Mortals must widen their friendship to be more and more like the association of which Mind is aware.  Human friendship is most often carried on through the medium of conversation, written or spoken.  But conversation first is formed in thought before utterance in speech.  So that thought is really the basis of intercourse.  Talking is only one way of conveying what one thinks.  Sometimes gestures, facial expression, and so on, are the means of revealing what one is thinking.  In fact, talking is very frequently a drag on true intercourse between two persons conversing, for the carnal mind claims that one cannot always find the effective means in words by which to explain one’s meaning.  Thence arise misunderstandings.  And assuredly, conversation sometimes is not at all expressive of what the thoughts are, as when a converser is seeking to conceal his real sentiments.  Christ Jesus, being nearer in his origin to pure Mind as cause and Father-Mother than any other mortal, based his life to a remarkable degree upon Mind.  He said, “I have meat to eat that ye know not of”; he took his rest at night in communion with divine Mind on the Mount of Olives, for he said that the Son of man hath not where to lay his head; he made instantaneous journeys across a lake and out of the temple, traveling as spontaneous thought travels, as rapidly as one in New York could think of London; and the Bible frequently shows that in his conversation he depended not at all upon outward human utterance.  Through his spiritual understanding he continually read the thoughts of the people he was with, answering unuttered questions and doubts and fears, and often revealing to the astonished Pharisees exactly what their evil meditation was.  When Mary Magdalene came to Jesus to be healed, the Pharisee, Simon, spake “within himself” that the Master should have known she was a sinner.  “And Jesus answering said unto him, Simon, I have somewhat to say unto thee,” and proceeded to tell the story of the two debtors.

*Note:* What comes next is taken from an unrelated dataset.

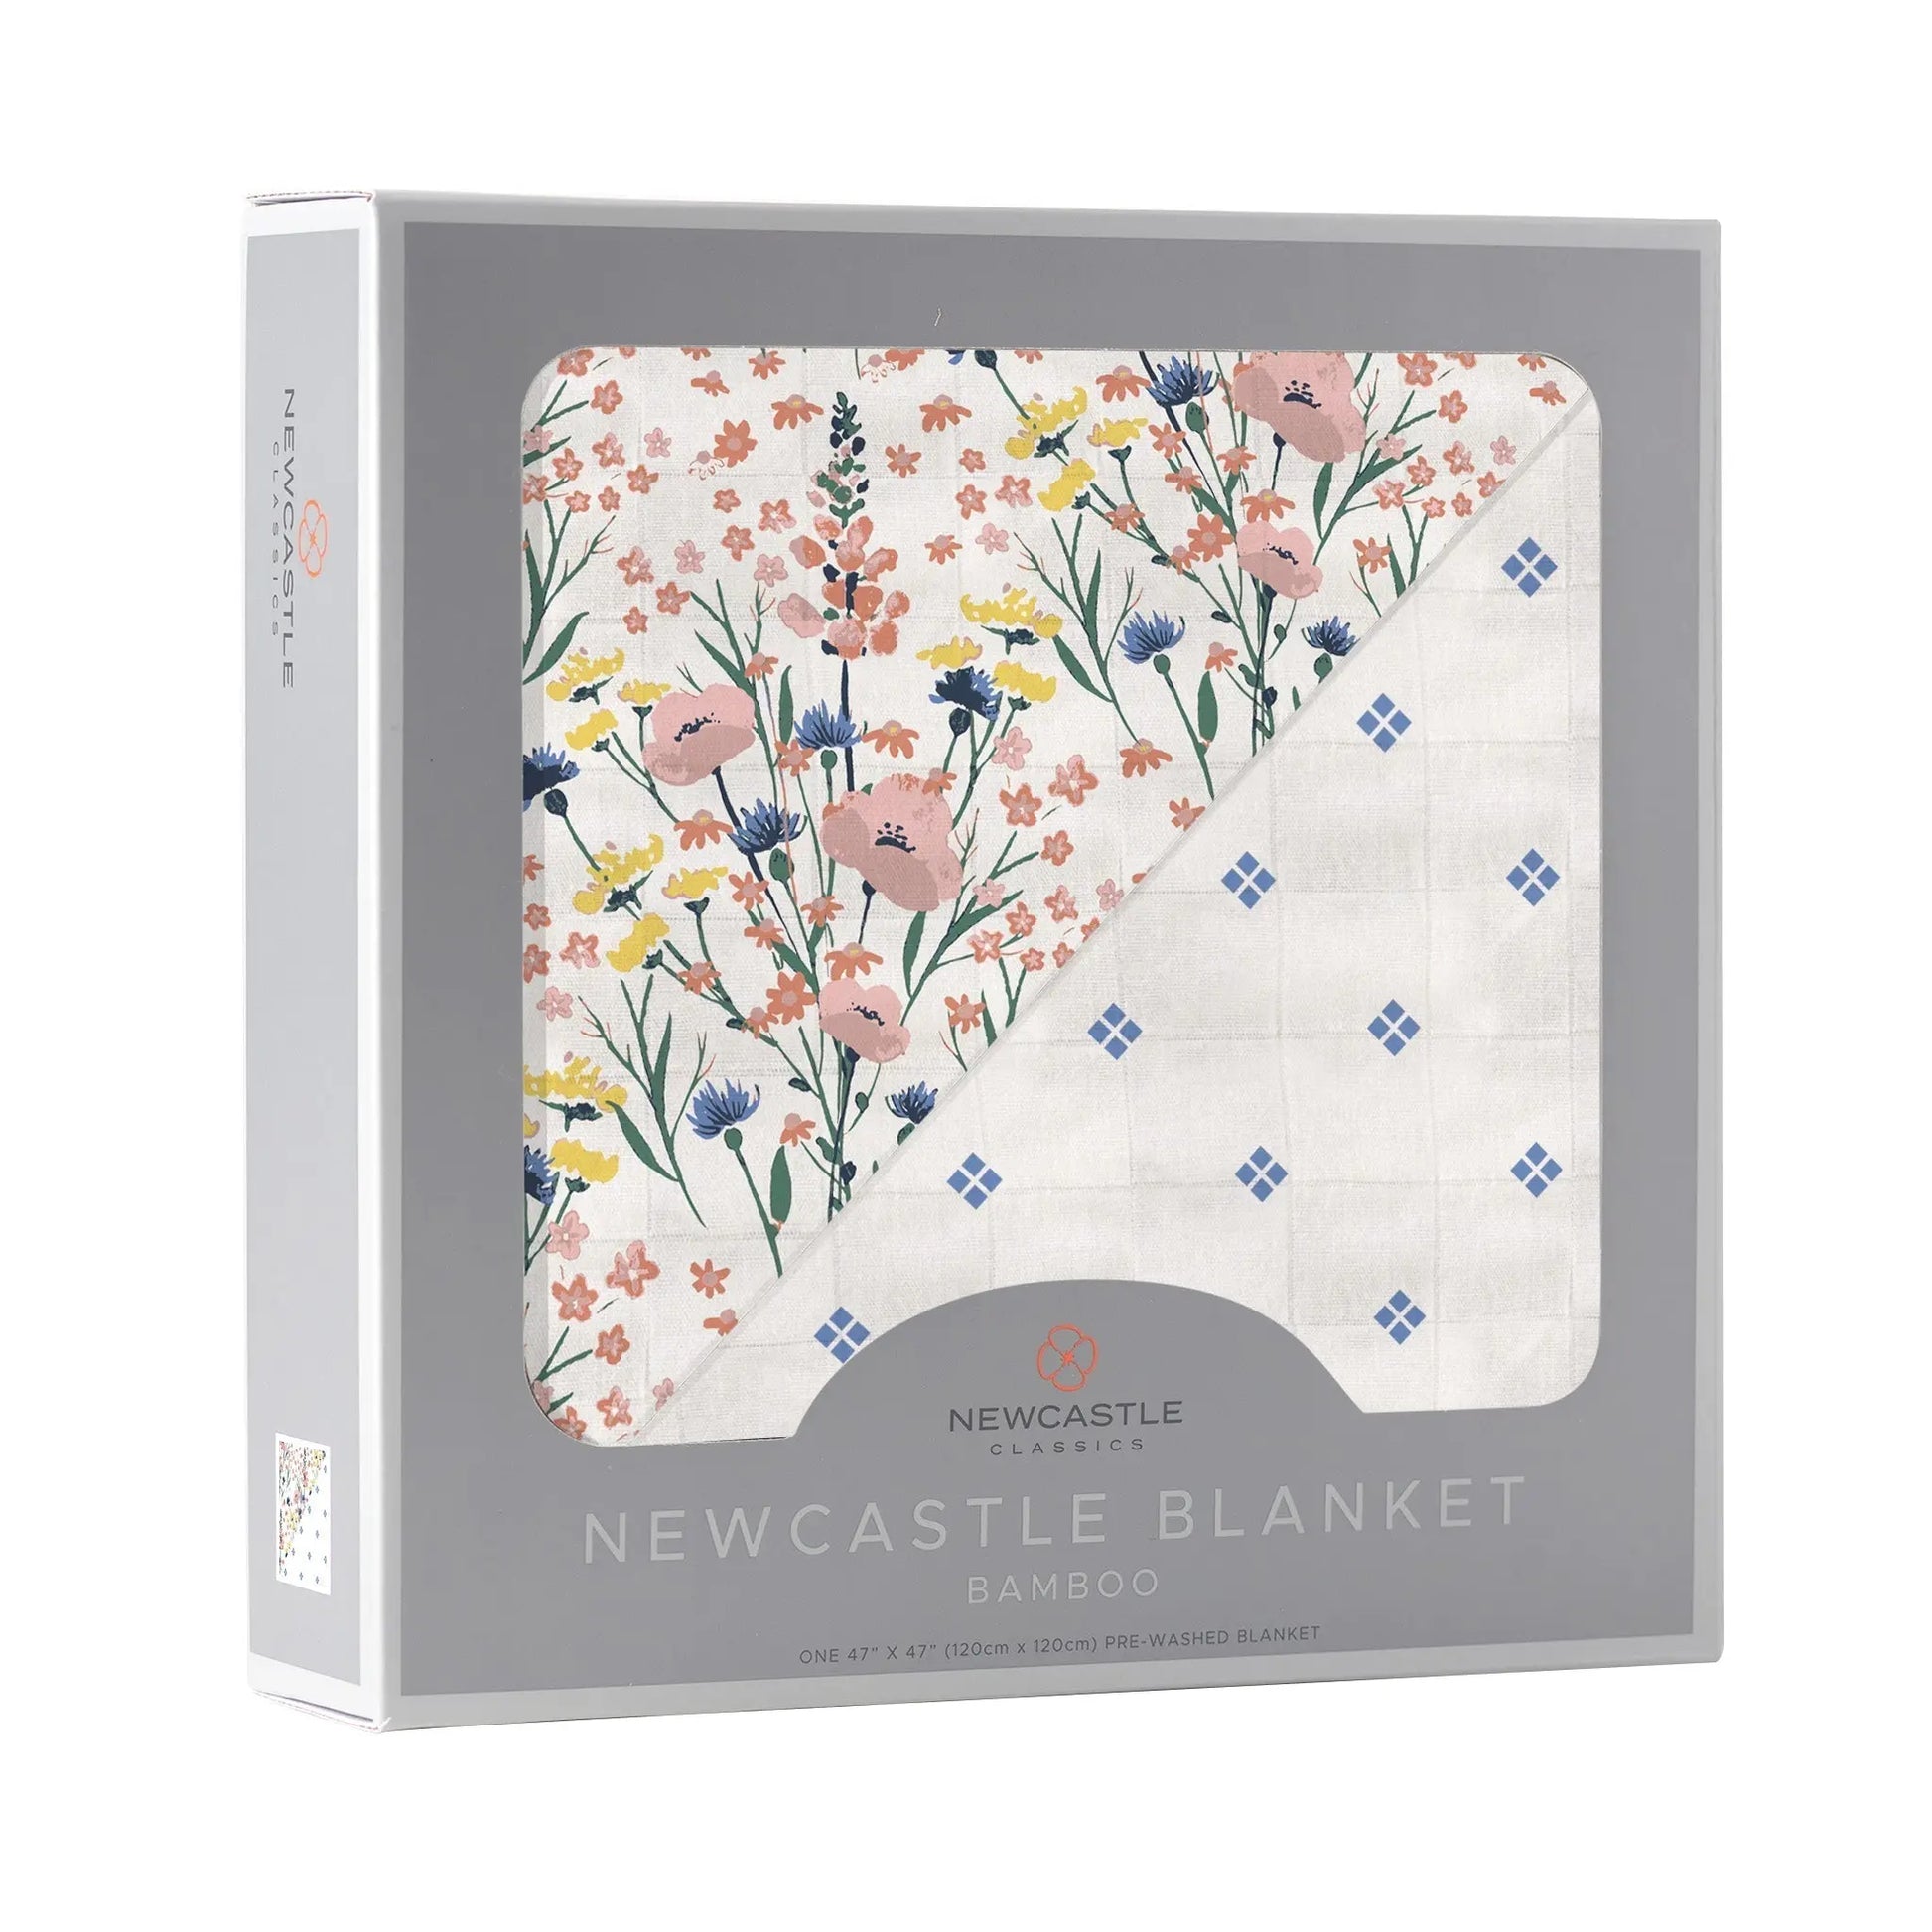 Blanket | Bamboo Muslin - Wildflowers & Periwinkle Diamond Newcastle Classics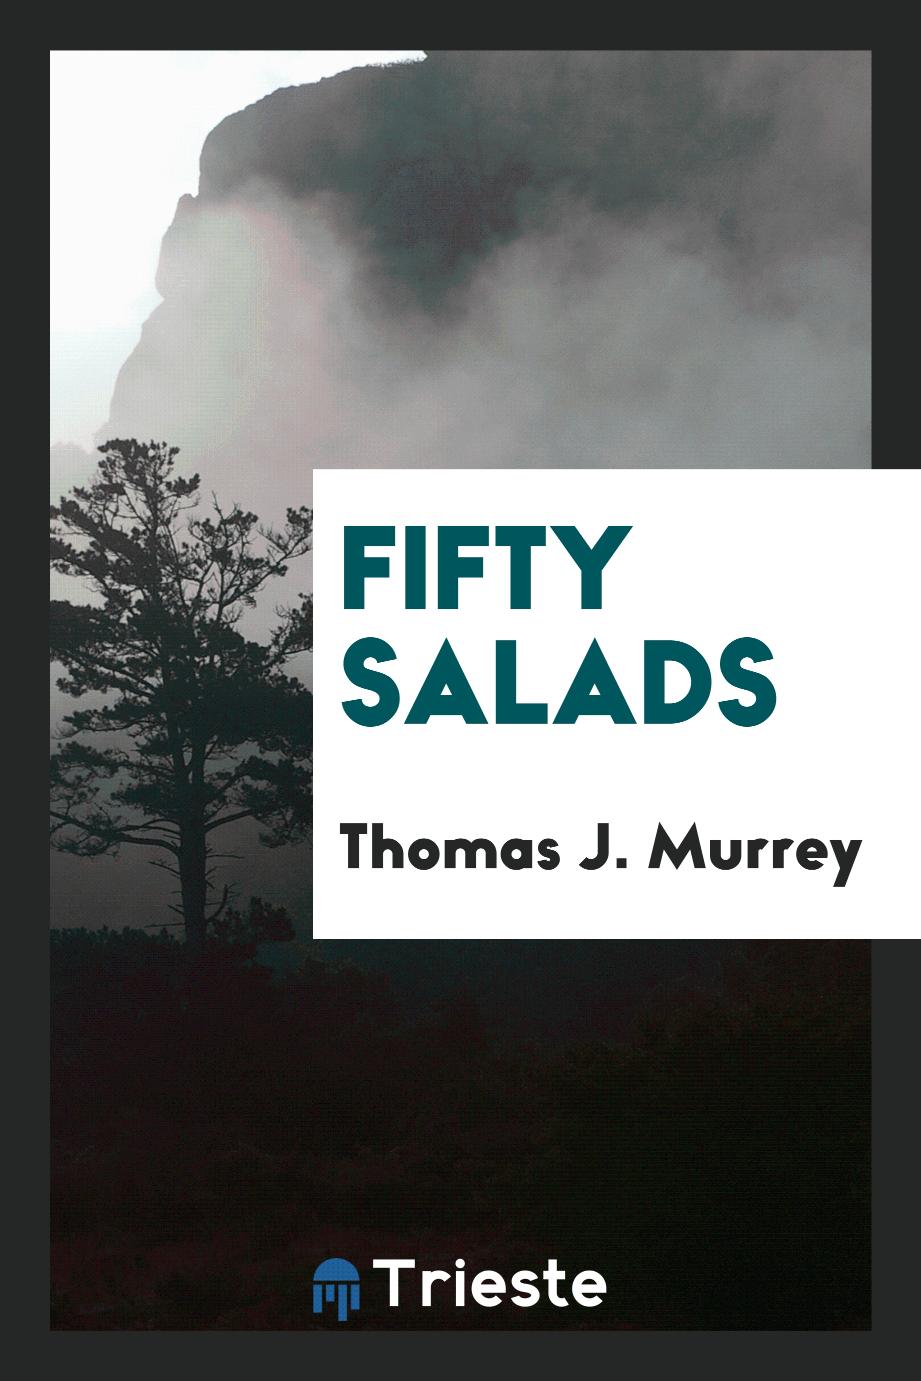 Fifty salads

And of course Moses and Christ Jesus and others in ancient times held communication with God Himself, in unity with Mind, and at times Mind’s presence was made known as actual sound to those who were with Moses or with Jesus.  For on Mount Horeb when Moses talked with God the people heard the “voice of the words,” but they saw no similitude.  And at the time of the transfiguration, when the Master was with Peter, James, and John, “behold a voice out of the cloud, which said, This is my beloved Son, in whom I am well pleased; hear ye him.”  And in the Christian Science textbook, “Science and Health with Key to the Scriptures,” Mary Baker Eddy assures us that “The Soul-inspired patriarchs heard the voice of Truth, and talked with God as consciously as man talks with man” (p. 308), and in another place she says, “Before human knowledge dipped to its depths into a false sense of things,-into belief in material origins which discard the one Mind and true source of being,-it is possible that the impressions from Truth were as distinct as sound, and that they came as sound to the primitive prophets.”  (Pages 213 and 214.)

Because of all this it can readily be seen that with the infinity of Mind in contemplation, one need not necessarily travel a great distance to enjoy beautiful scenery, to make the most of summer’s beauties and so on.  Unlimited consciousness or Spirit is ever-present allness and therein is found wholly satisfying companionship, beauty, animation and unceasing comfort.  Comprehension of this truth would not necessarily result in withdrawal from society, but, on the contrary, might bring to one a great increase in one’s list of friends whom he could see and help and by whom he could be assisted. It might, on the other hand, take one into joyful, prolific solitude, as it did take Mary Baker Eddy, a solitude from which came the perfected gift of Christian Science for the world.